Owens-Corning settles in mammoth asbestos trial 10 defendants remain Closing arguments begin tomorrow

July 05, 1992|By Jay Apperson | Jay Apperson,Staff Writer

With closing arguments in the nation's largest asbestos personal injury trial scheduled to begin tomorrow in Baltimore Circuit Court, a major defendant in the case has reached a settlement agreement with all of the plaintiffs.

Owens-Corning Fiberglas Corp. agreed last week to a legal procedure that would allow it to settle claims made by 8,555 plaintiffs in the consolidated case.

A lawyer representing most of those plaintiffs said he expects to reach more settlements with the remaining 10 defendants before the jury begins to deliberate, following closing arguments that are expected to last a week.

Still, attorney Peter G. Angelos said, "I believe a number of the defendants will go to the jury."

Owens-Corning last week became the fourth company to settle its cases with plaintiffs claiming asbestos-related ailments.

When the trial began in mid-February, 14 companies were defending themselves against charges that they failed to warn workers about the health risks associated with asbestos products.

Most plaintiffs have claims against the remaining defendants.

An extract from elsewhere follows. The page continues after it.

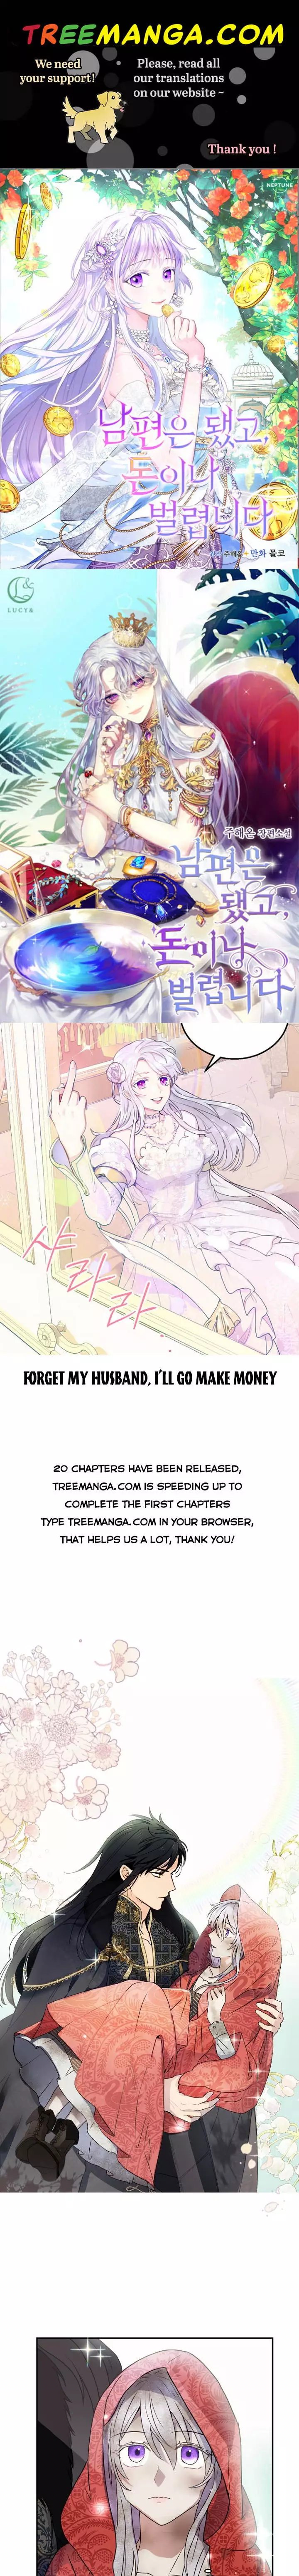 Forget My Husband, I’Ll Go Make Money - 4 page 1-cd800b98

Commenting on the impact of the Owens-Corning settlement, presiding Judge Marshall A. Levin said: "It makes the trial more manageable, but you still have 10 defendants."

Thus, traffic jams will continue to form when lawyers gather around the judge during bench conferences.

Owens-Corning has reached a "settlement-processing agreement" that requires plaintiffs' attorneys to recommend the offer to their clients, but leaves acceptance or rejection in the hands of the individual plaintiffs, said Kristine Crosswhite, an attorney representing the company.

She and other attorneys in the case, including Mr. Angelos, who represents more than 90 percent of the plaintiffs, refused to discuss any terms of the settlement agreement, which was not placed on the public record.

The inhalation of tiny asbestos fibers has been linked to cancer and asbestosis, a crippling lung disease.

The plaintiffs claim to have developed these and similar ailments after exposure to airborne asbestos while working in shipyards and steel mills. They are seeking hundreds of millions of dollars in damages.

Attorneys for the plaintiffs have presented hundreds of documents in hopes of convincing the jury that the defendants sold products while realizing they posed a health risk.

The defense has sought to show the asbestos industry's products were not unreasonably dangerous and carried adequate warnings.

Accommodations made for the unusually large and time-consuming case have included everything from installing more comfortable chairs for jurors and witnesses to imposing time limits on the lawyers presenting their cases.

Also, in an effort to help jurors understand the issues of the case, Judge Levin has instructed them on the difference between "trial plaintiffs" and "common-issues plaintiffs."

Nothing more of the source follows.